Events

KLI Colloquia are informal, public talks that are followed by extensive dissussions. Speakers are KLI fellows or visiting researchers who are interested in presenting their work to an interdisciplinary audience and discussing it in a wider research context. We offer three types of talks:

1. Current Research Talks. KLI fellows or visiting researchers present and discuss their most recent research with the KLI fellows and the Vienna scientific community.

2. Future Research Talks. Visiting researchers present and discuss future projects and ideas togehter with the KLI fellows and the Vienna scientific community.

3. Professional Developmental Talks. Experts about research grants and applications at the Austrian and European levels present career opportunities and strategies to late-PhD and post-doctoral researchers.

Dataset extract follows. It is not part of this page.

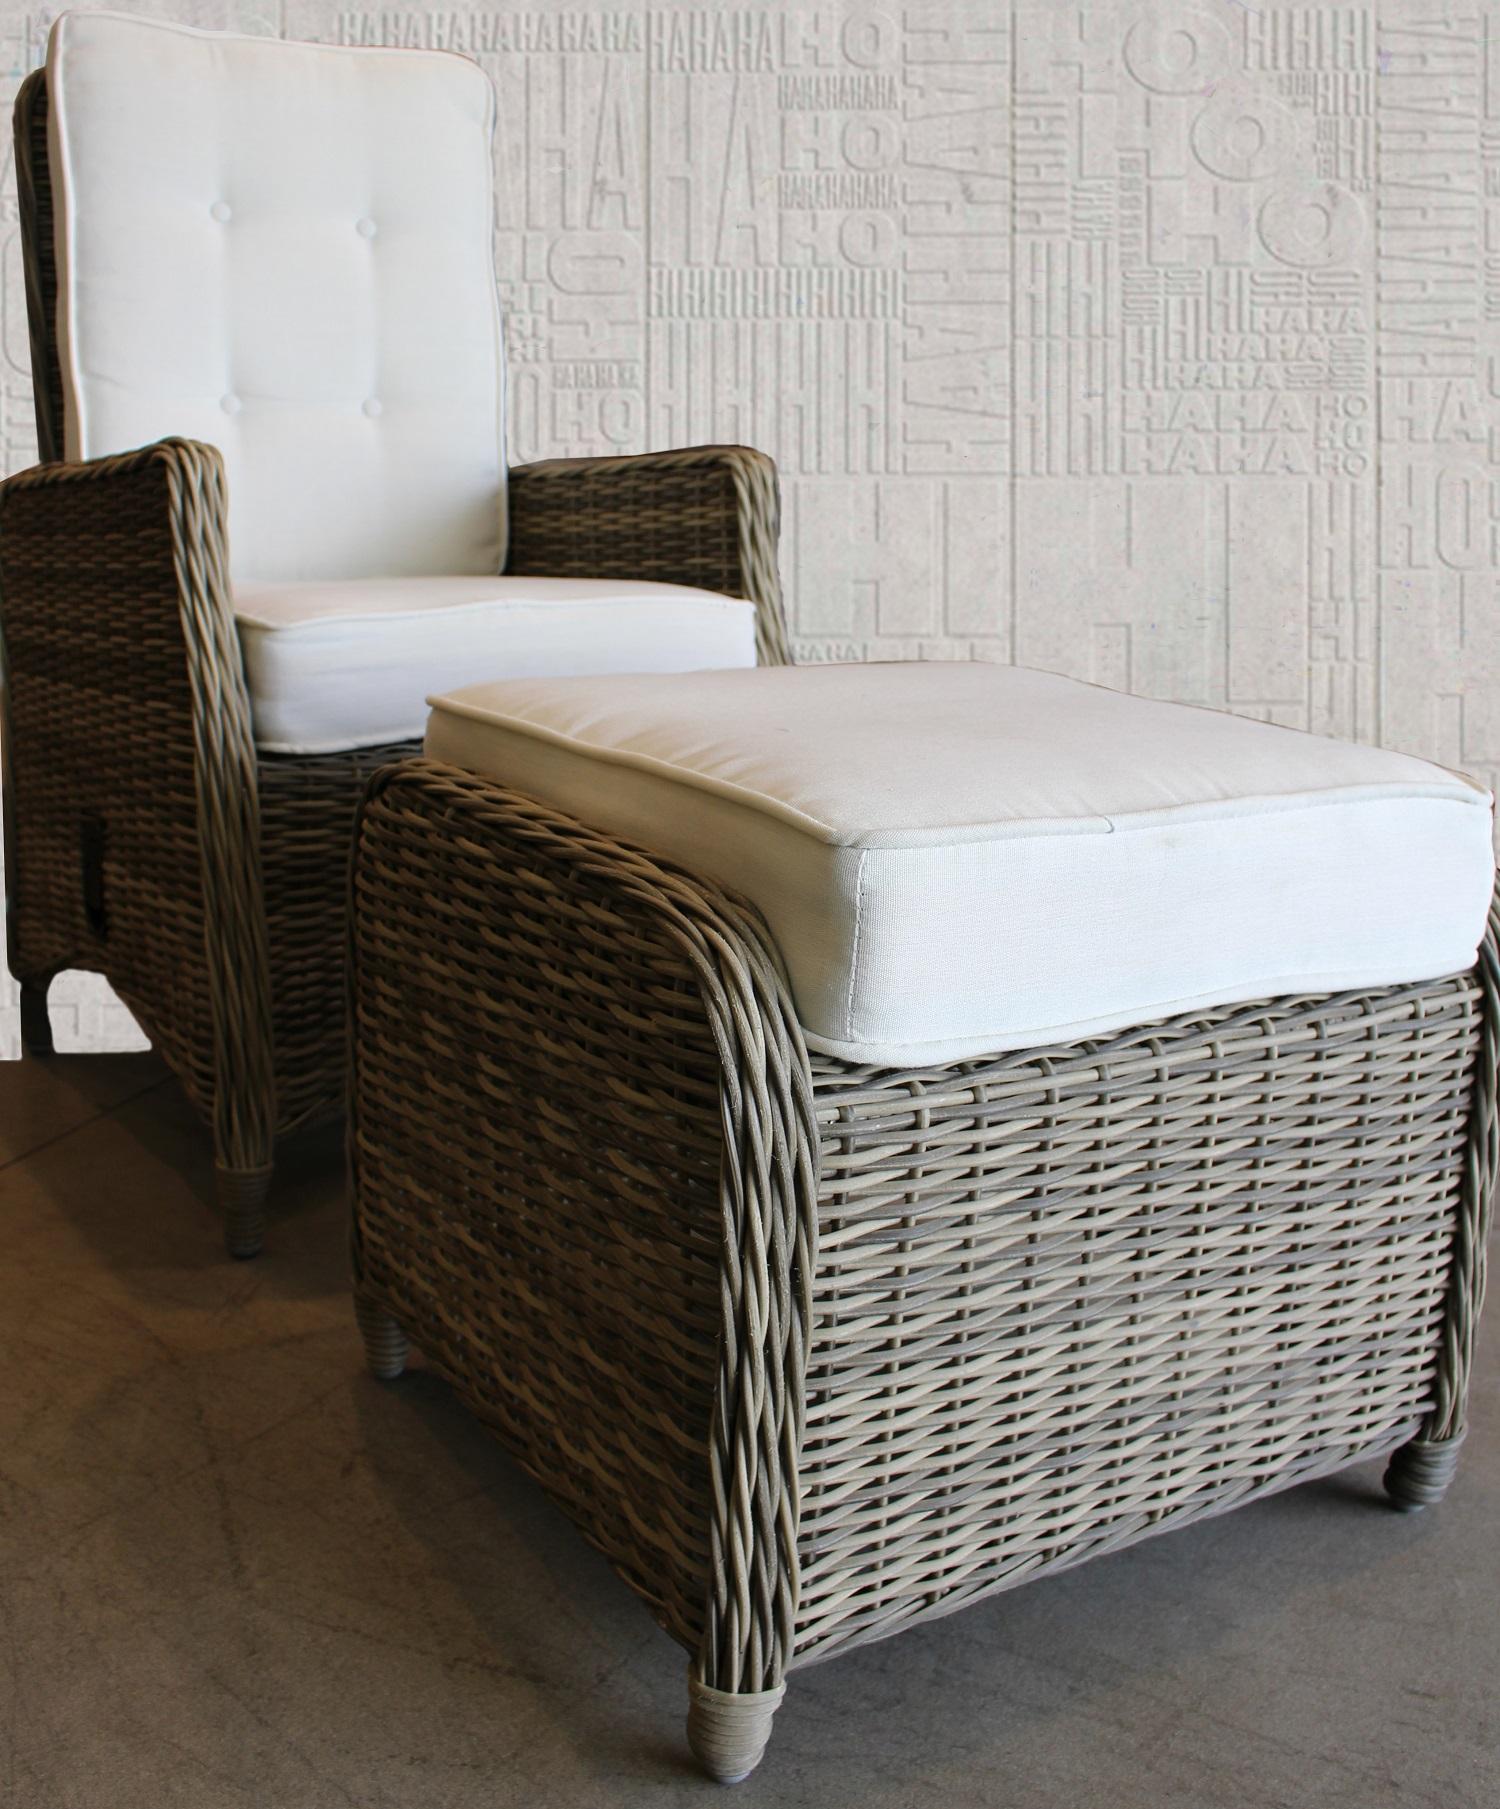 Fauteuil en fibre synth tique avec reposes pieds meubles for Deco meuble tunisie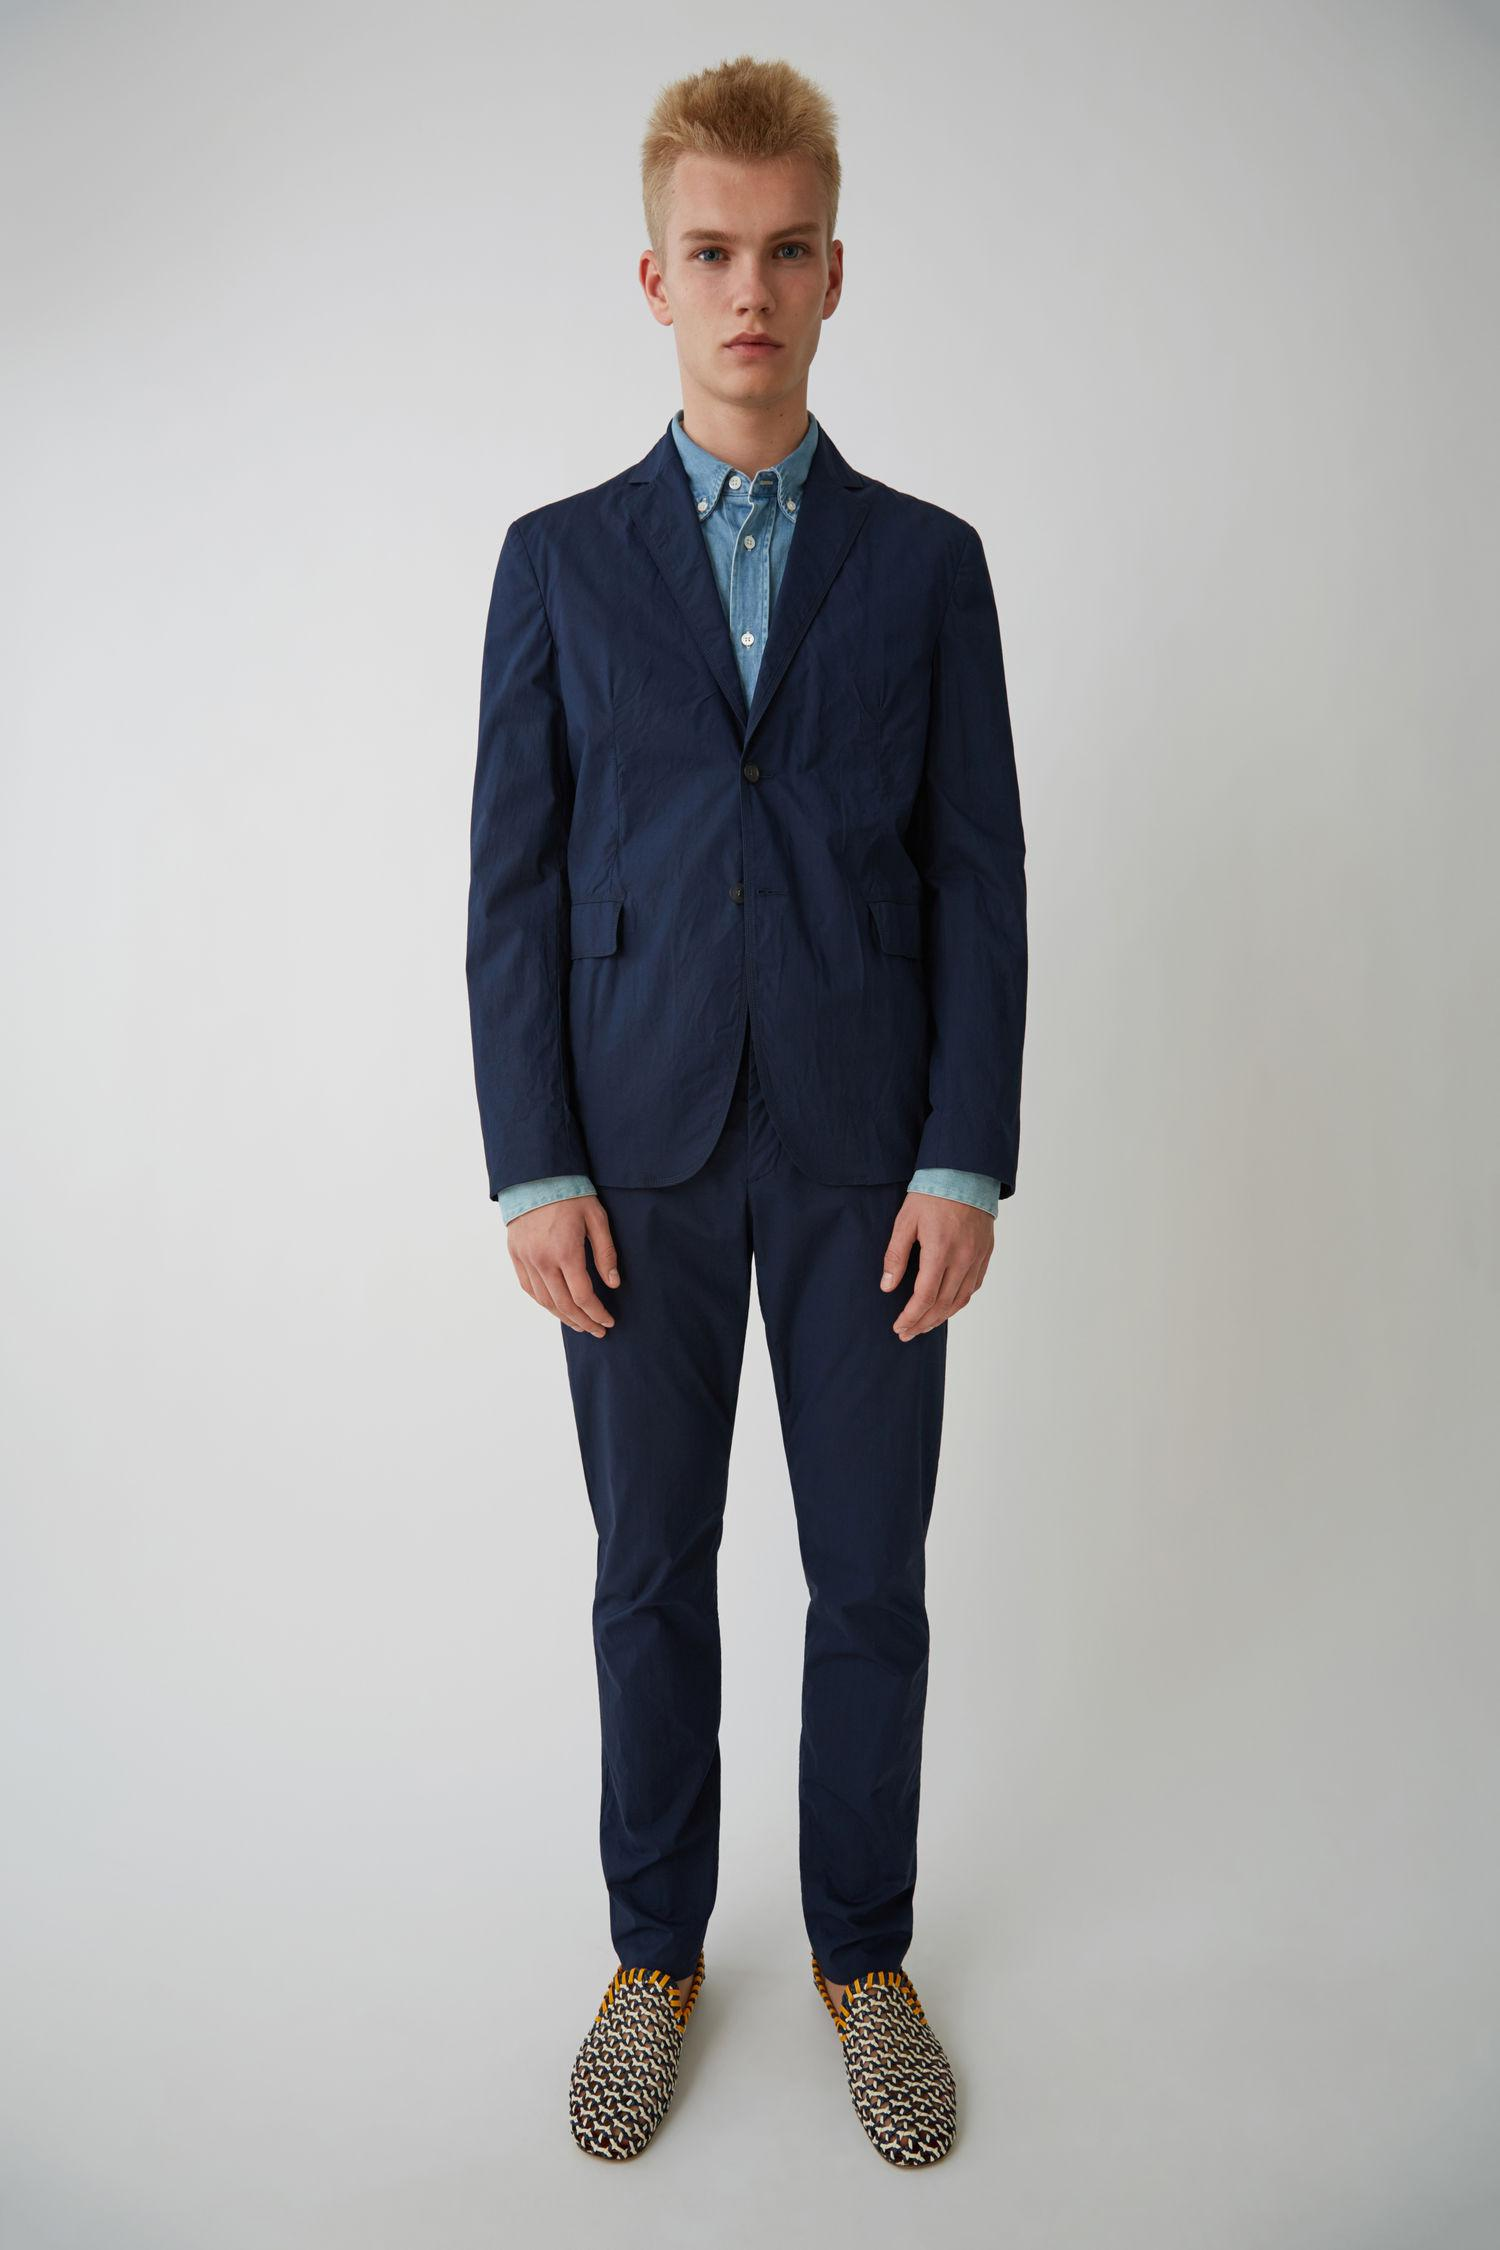 Acne Studios. Men's Blue Slim Fit Jacket navy

  • The presentation language is English.
  • If you are interested in presenting your current or future work at the KLI, please contact the Scientific Director or the Executive Manager.

Event Details

Lynn Chiu
KLI Colloquia
Microorganisms as Scaffolds of Host Individuality
Lynn CHIU (University of Bordeaux/CNRS)
2016-11-24 11:30 - 2016-11-24 13:00
KLI
Organized by KLI

Topic description:
There is currently a great debate about whether the holobiont, i.e. a multicellular host and its residential microorganisms, constitutes a biological individual. We propose that resident microorganisms have a general and important role in the individuality of the host organism, not the holobiont. Drawing upon the Equilibrium Model of Immunity (Eberl 2016), we argue that microorganisms are scaffolds of immune capacities and processes that determine the constituency and persistence of the host organism. A scaffolding perspective accommodates the contingency and heterogeneity of resident microorganisms while accounting for their necessity and unifying contributions to host individuality. In our symbiotic view of life, holobionts may not be organisms or units of selection, but macroorganisms cannot persist nor function without their scaffolding microorganisms.

 

Biographical note:
Lynn Chiu is a philosopher of biology and science working as a postdoc researcher at the ImmunoConcept Lab of University of Bordeaux/CNRS, funded by the ERC Starting Grant “Immunity, DEvelopment and the Microbiota (IDEM): Understanding the Continuous Construction of Biological Identity” (PI: Thomas Pradeu). Her current work is on the construction of biological individuals at the intersection of host-microorganism interactions. She earned her PhD in philosophy at the University of Missouri–Columbia in December 2015. Her dissertation concerned the challenges niche construction and ecological developmental biology bring to dispositional accounts of fitness and adaptationism.